Pcr.seqs does not remove logical amount of sequences with different values of pdiffs/rdiffs

Hi!

I am using mothur v.1.48.0. I used pcr.seqs with this kind of command:
pcr.seqs(fasta=testset.trim.contigs.good.fasta, count=testset.contigs.good.count_table, oligos=primers.oligos, rdiffs=1, pdiffs=1, processors=4)
When I tried pdiffs=0 and rdiffs=0, I got less sequences just as I would expect. However, when I tried pdiffs=2 and rdiffs=2, I also got LESS sequences in each sample. I would have expected that I would get more sequences when allowing larger difference with the primer sequence. I wonder why this happens?

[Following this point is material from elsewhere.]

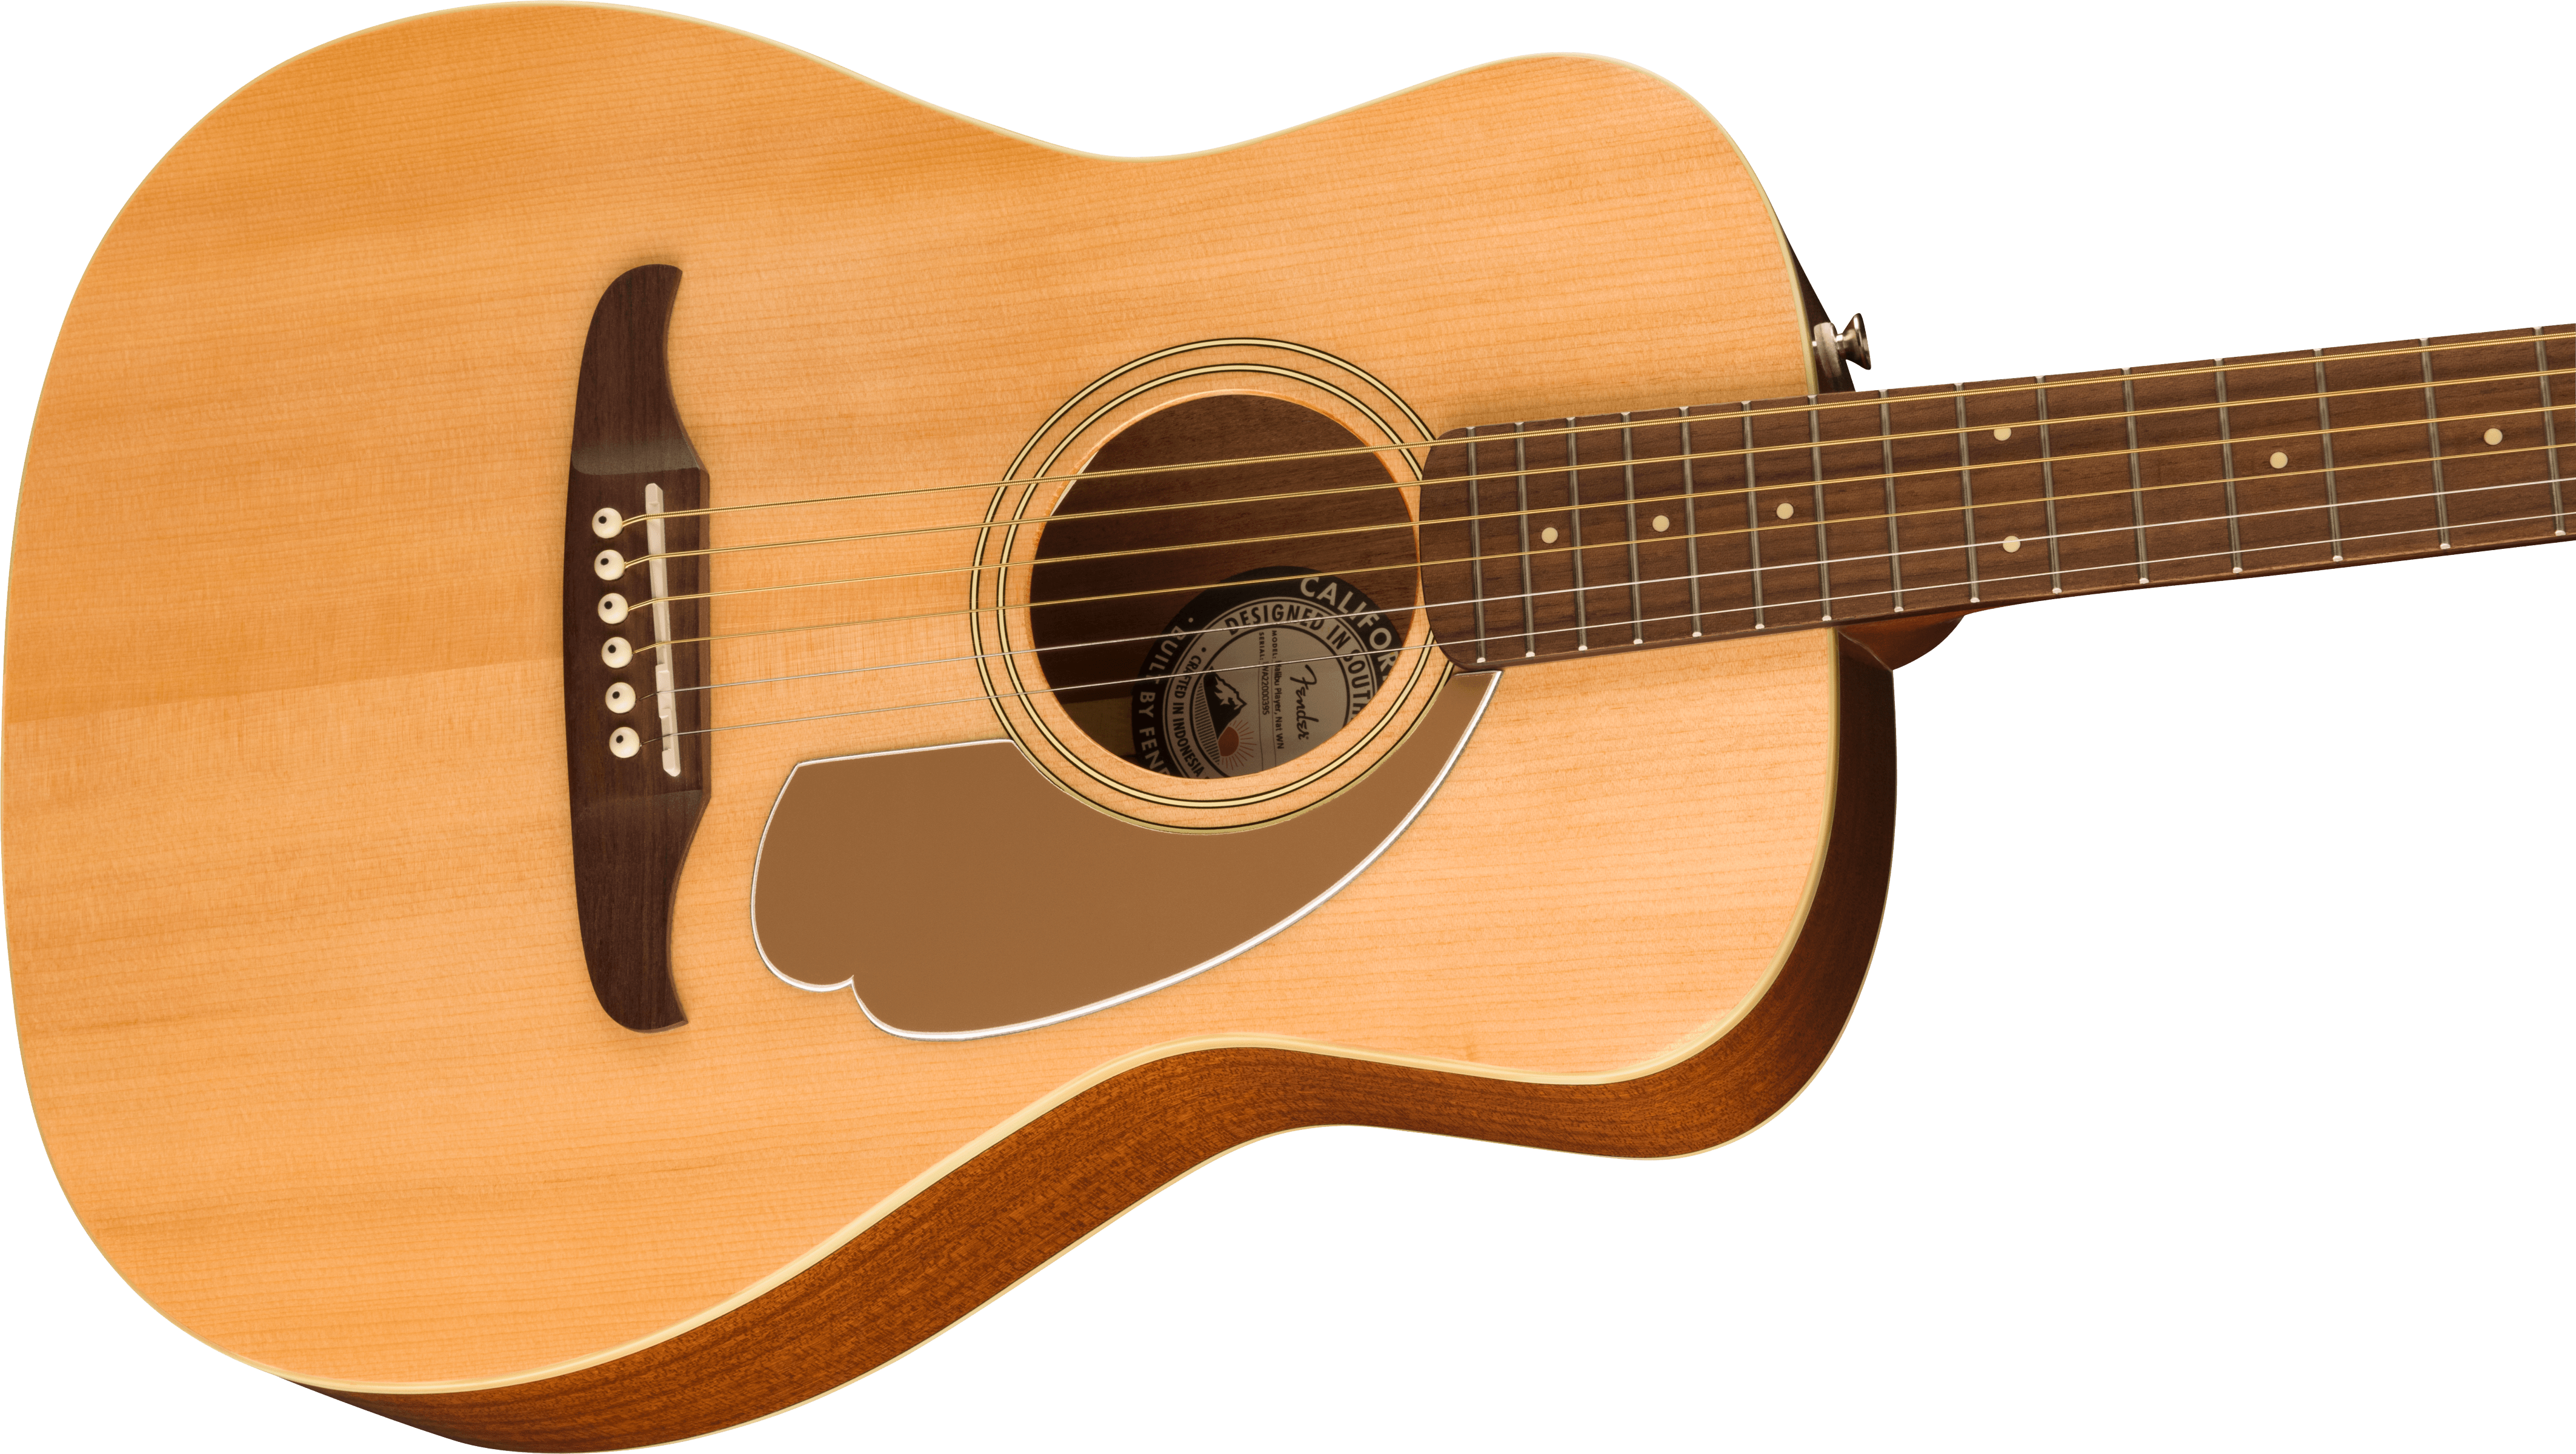 Fender California Series Malibu Player Acoustic-Electric Guitar, Natural

Below are also summary.seqs in each of the three cases:

DIFFS=0

mothur > pcr.seqs(fasta=testset.trim.contigs.good.fasta, count=testset.contigs.good.count_table, oligos=primers.oligos, rdiffs=0, pdiffs=0, processors=4)

Using 4 processors.
/******************************************/
Running command: remove.seqs(accnos=testset.trim.contigs.good.bad.accnos, count=testset.contigs.good.count_table)
Removed 126786 sequences from testset.contigs.good.count_table.

Output File Names:
testset.contigs.good.pick.count_table

/******************************************/
It took 31 secs to screen 1129940 sequences.

Output File Names:
testset.trim.contigs.good.pcr.fasta
testset.trim.contigs.good.bad.accnos
testset.trim.contigs.good.scrap.pcr.fasta
testset.contigs.good.pcr.count_table

mothur > summary.seqs(fasta=current)
Using testset.trim.contigs.good.pcr.fasta as input file for the fasta parameter.

Using 4 processors.

	Start	End	NBases	Ambigs	Polymer	NumSeqs

Minimum: 1 99 99 0 3 1
2.5%-tile: 1 252 252 0 3 25079
25%-tile: 1 252 252 0 4 250789
Median: 1 253 253 0 4 501578
75%-tile: 1 253 253 0 5 752366
97.5%-tile: 1 254 254 0 6 978076
Maximum: 1 549 549 0 8 1003154
Mean: 1 252 252 0 4

of Seqs: 1003154

It took 4 secs to summarize 1003154 sequences.

Output File Names:
testset.trim.contigs.good.pcr.summary

mothur > count.groups(count=current)
Using testset.contigs.good.pcr.count_table as input file for the count parameter.
NW003 contains 56728.
NW004 contains 113152.
NW006 contains 207578.
NW010 contains 198100.
NW012 contains 427596.

Size of smallest group: 56728.

Total seqs: 1003154.

DIFFS=1

mothur > pcr.seqs(fasta=testset.trim.contigs.good.fasta, count=testset.contigs.good.count_table, oligos=primers.oligos, rdiffs=1, pdiffs=1, processors=4)

Using 4 processors.
/******************************************/
Running command: remove.seqs(accnos=testset.trim.contigs.good.bad.accnos, count=testset.contigs.good.count_table)
Removed 11966 sequences from testset.contigs.good.count_table.

Output File Names:
testset.contigs.good.pick.count_table

/******************************************/
It took 141 secs to screen 1129940 sequences.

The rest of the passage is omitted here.